# Warriors, The Samurai Episode.  This Thrus!



## Omar B (Apr 8, 2009)

Just thought I should let you guys know if you have not already made a note of it.  This week Terry takes us into Samurai culture in his own awesome way.  I gotta say, I've been impressed with this show since it's started, not a single episode has been a clunker and from the looks of the commercial for this week's episode I'm excited.

If you don't get the History Channel find someone who does and buy them some beer so you can hang out late watching the show.
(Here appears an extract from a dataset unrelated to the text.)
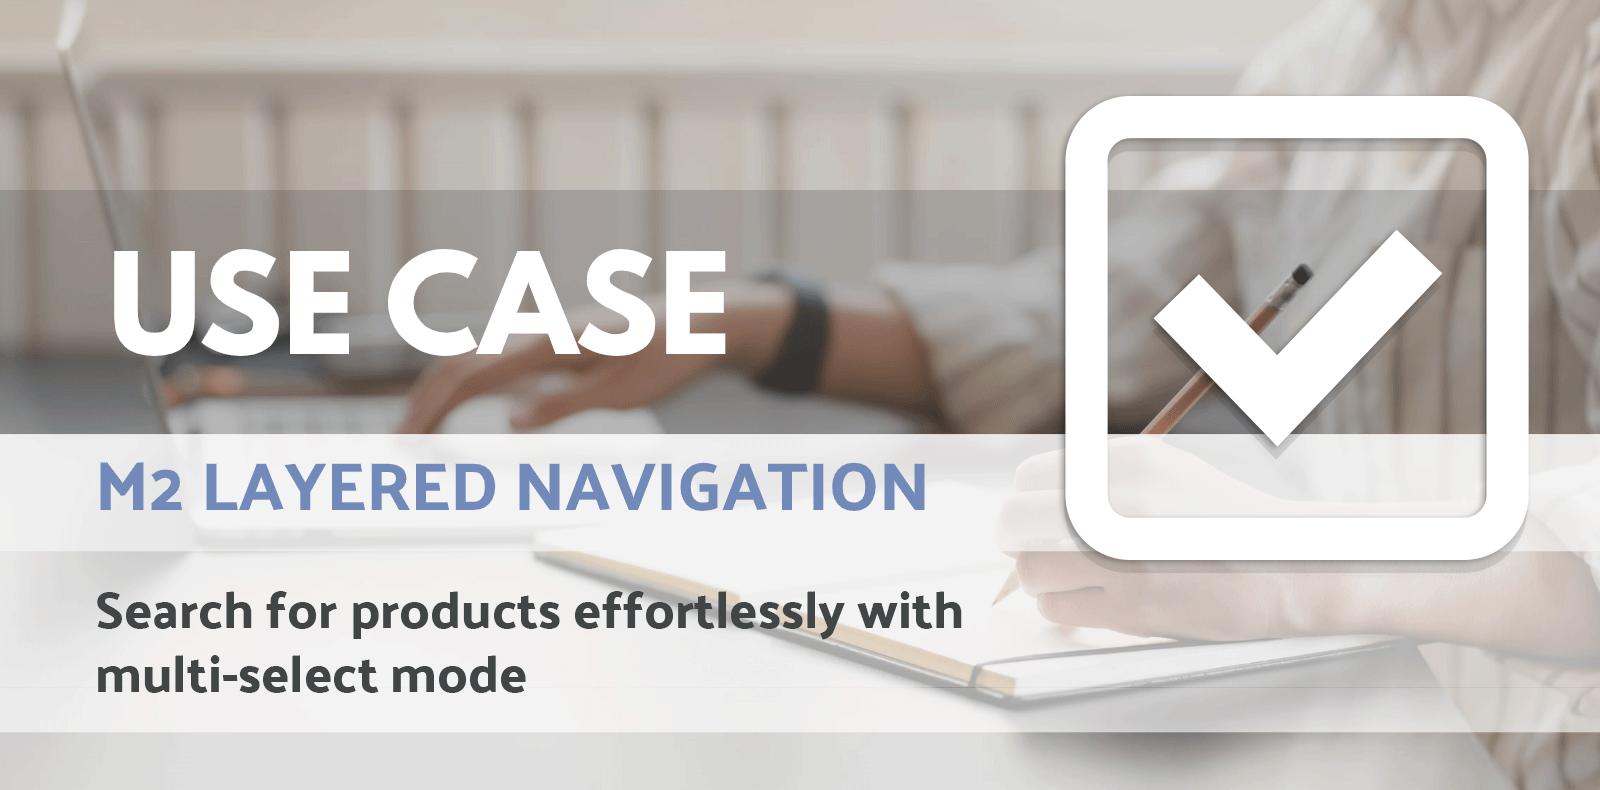 Magento 2 Layered Navigation: Use Case

http://www.history.com/minisites/warriors


----------



## Brian R. VanCise (Apr 8, 2009)

Thanks for the update.  I hope they have a qualified person to help them with it!


----------



## Omar B (Apr 8, 2009)

The commercial was pretty quick but I saw a guy in a black gi (I thought it was going to be a ninja episode) talking to Terry.  Either way man, I've already decided I'm getting the DVD of this show the moment they put it out, it's been impressive so far to say the least.


----------



## Brian R. VanCise (Apr 8, 2009)

While I was not blown away with the first episode Maya or Aztec I definitely enjoyed the Medieval Knight episode. (or at least the parts that I saw)


----------



## Omar B (Apr 8, 2009)

My favorite so far was the English Knight episode, I'm a big Battle of Agincourt buff so for me it was a huge thrill.  Also, not many documentaries on war are hosted by actual real life warriors, it's usually a stuffy intellectual type who can't seem to connect to the material like Terry does, or is as willing to get in there and get dirty.  When Terry got emotional on the field at Agincourt, I felt it too man.


----------



## Brian R. VanCise (Apr 10, 2009)

Okay I watched this show last night and it was very entertaining.  Lots and lots of inaccurate info but Terry did have a couple of good people to help demonstrate some of the Japanese systems.  One was the head master of the Niten Ryu and another was a Bujinkan Shihan who demonstrated Jo and Kusurigama techniques.  All in all it was enjoyable to watch!


----------



## Brian R. VanCise (Apr 10, 2009)

[yt]NH-yZ8g0FnU&feature=channel[/yt]


----------



## girlbug2 (Apr 10, 2009)

Actually that's a great gift idea, thanks for the suggestion Omar. I hope it's available before December.


----------



## Omar B (Apr 10, 2009)

I loved it.  Terry as always got emotional a the end.  I like the hand to hand scenes in the show, he moves like a Shotokan guy.


----------